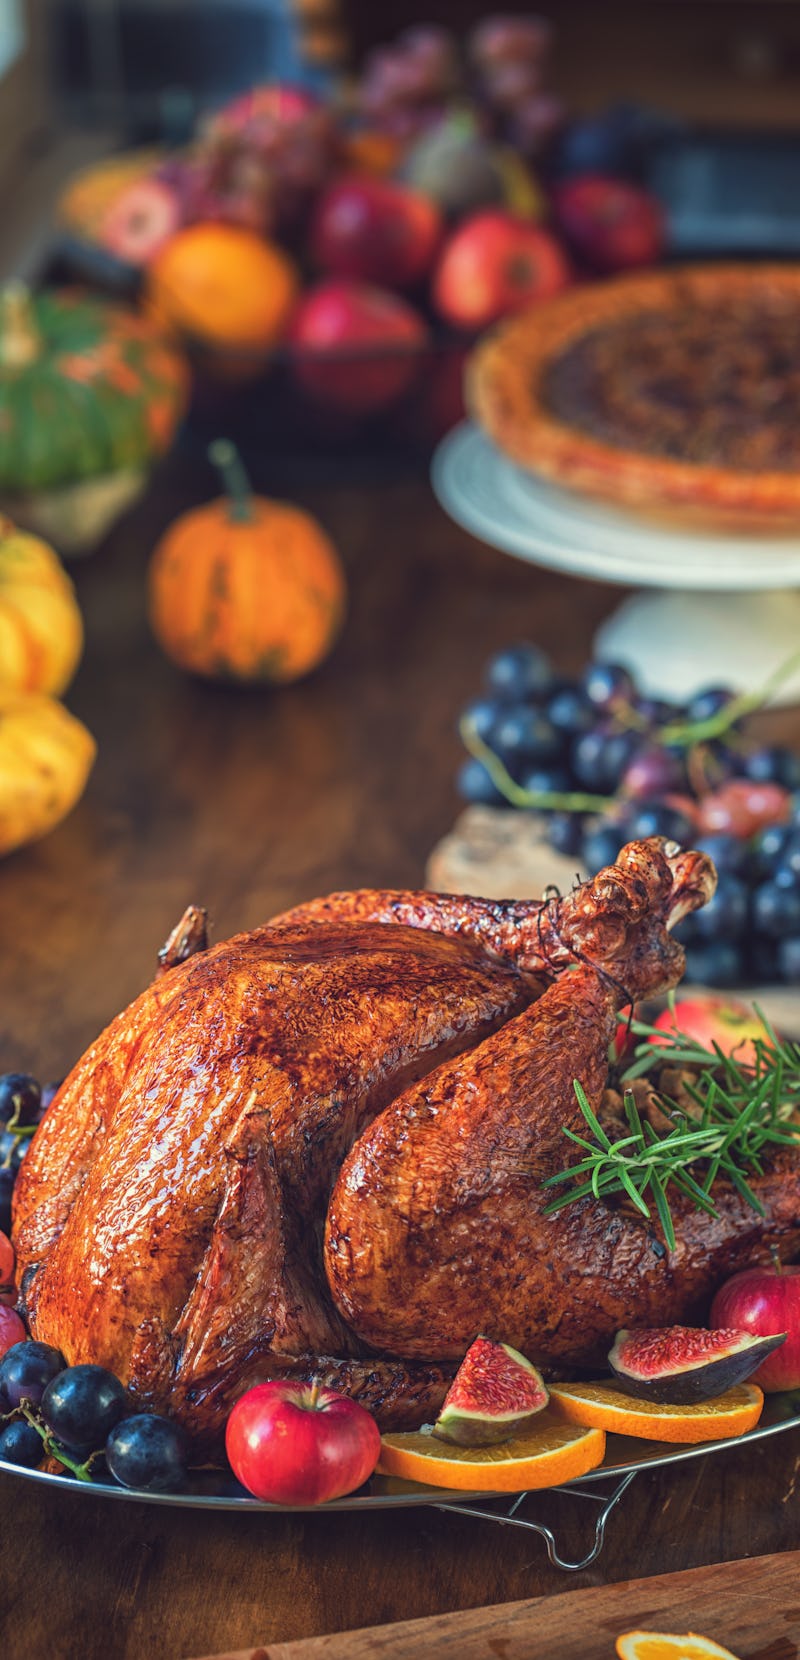 Traditional stuffed turkey with side dishes for Thanksgiving celebration
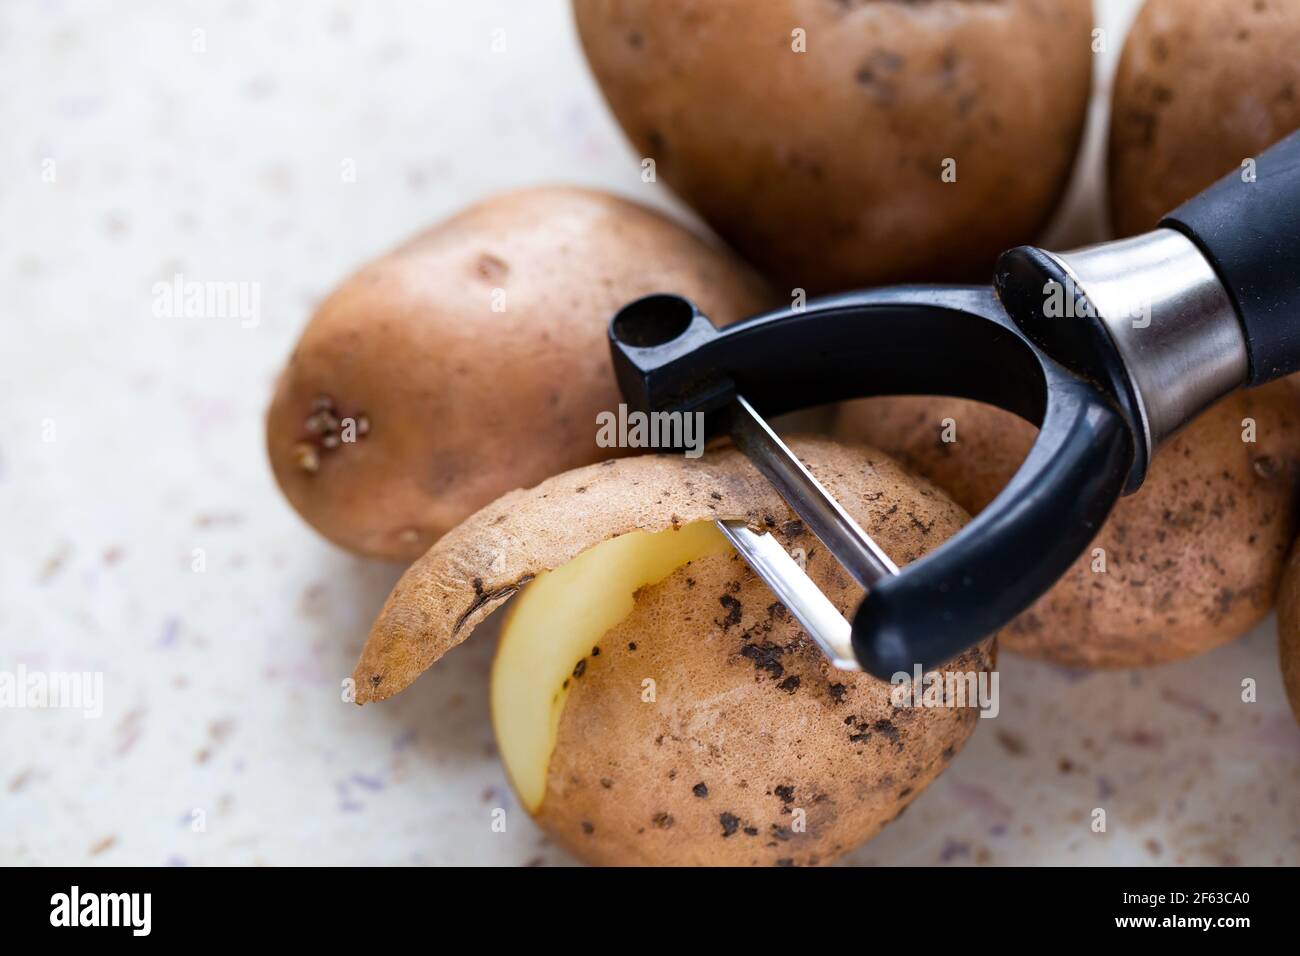 https://c8.alamy.com/comp/2F63CA0/several-organic-potatoes-and-a-potato-peeler-on-the-table-made-in-natural-light-soft-shadows-2F63CA0.jpg
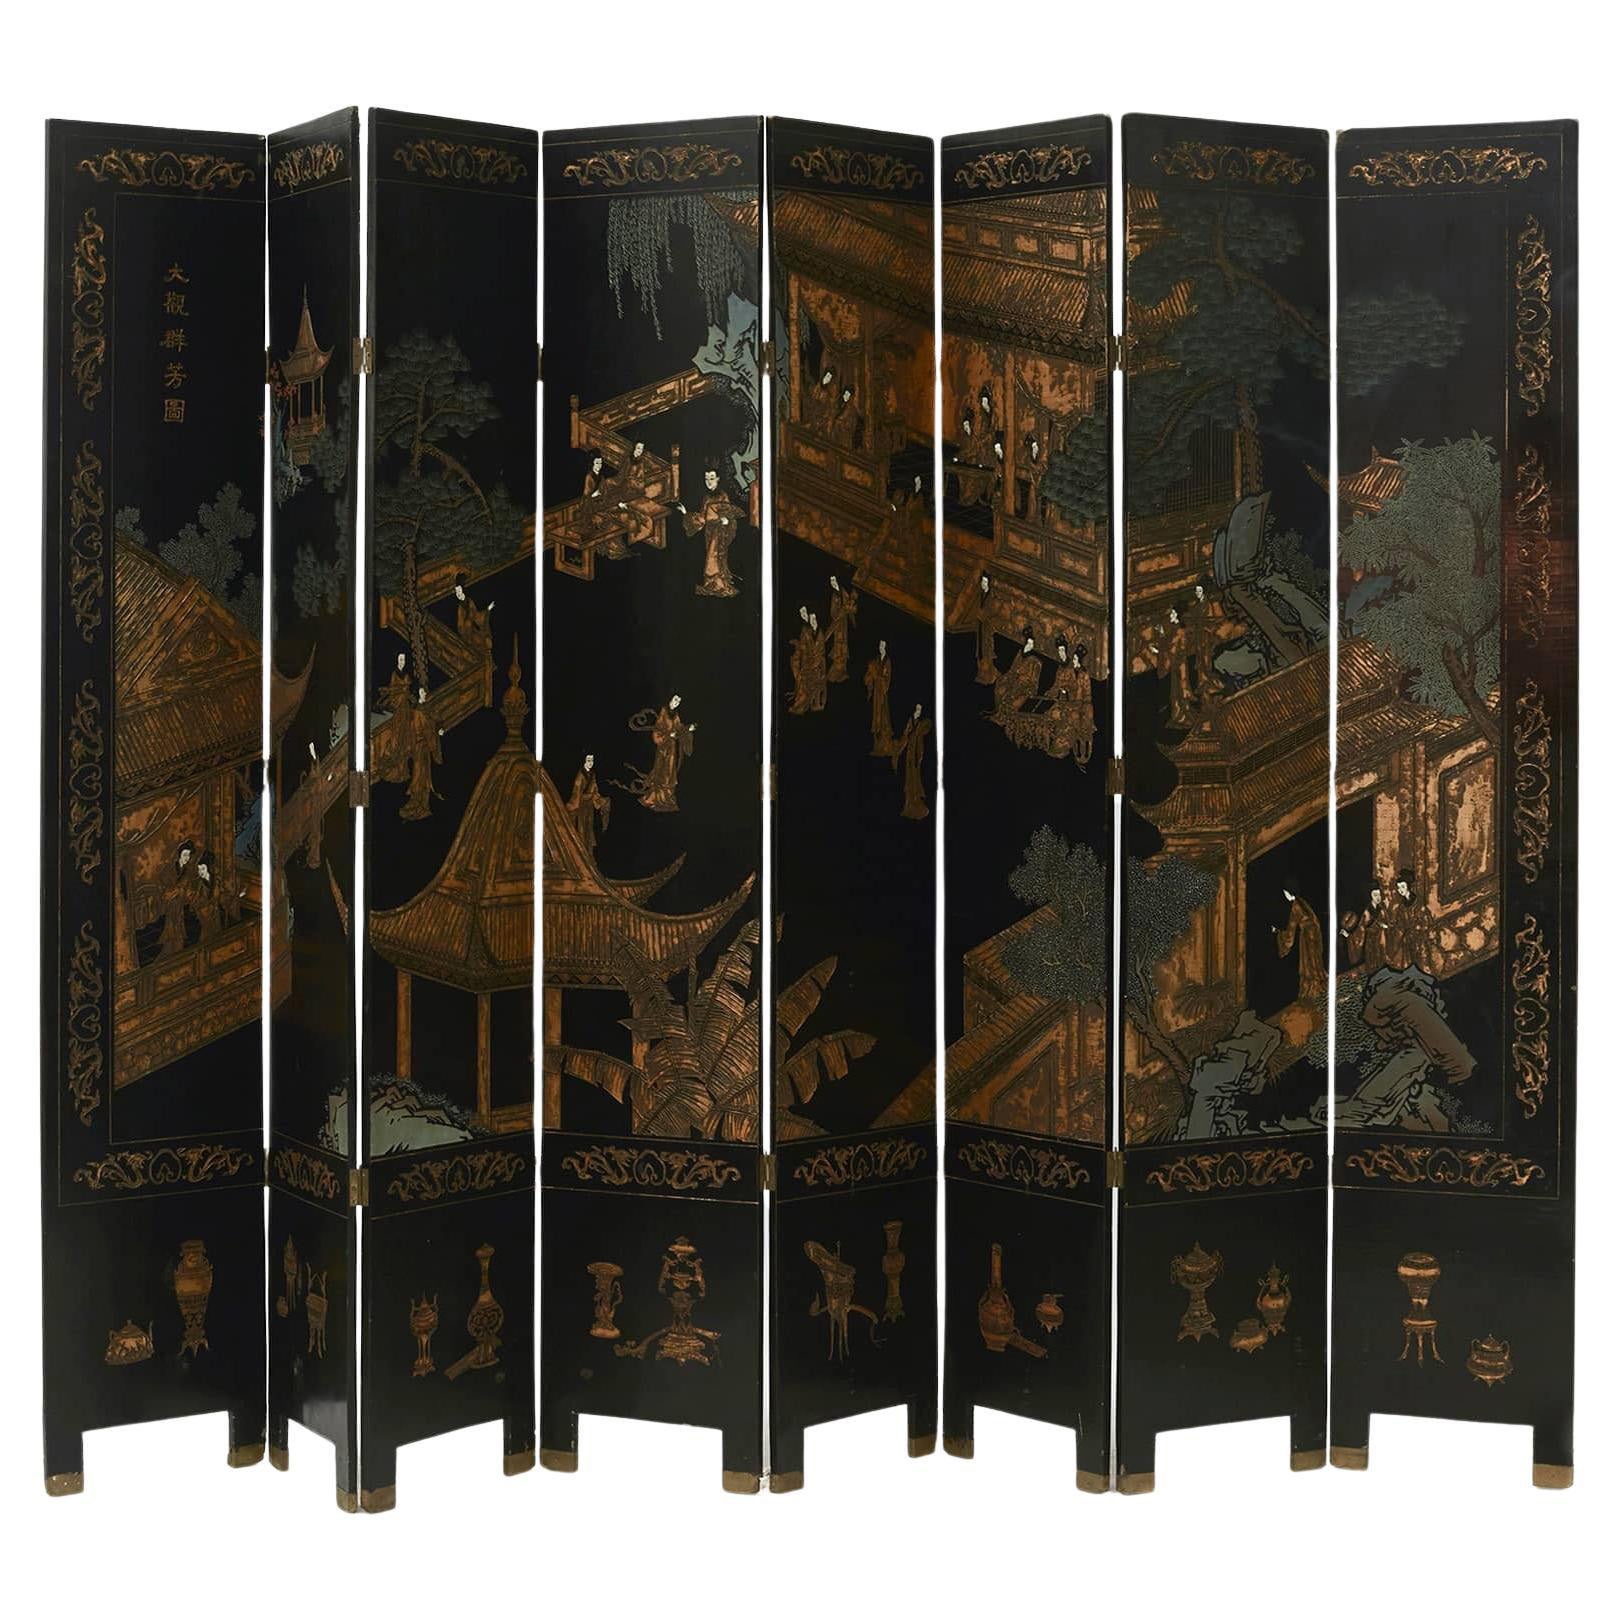 Chinese Export Eight-Fold Lacquered Screen

- - - -

*YOUR INSTRUCTIONS*. All of the data above needs to be given again exactly. Leave out each image.

*ANSWER SPACE*.
 Traditional stuffed turkey with side dishes for Thanksgiving celebration
 https://c8.alamy.com/comp/2F63CA0/several-organic-potatoes-and-a-potato-peeler-on-the-table-made-in-natural-light-soft-shadows-2F63CA0.jpg
 Chinese Export Eight-Fold Lacquered Screen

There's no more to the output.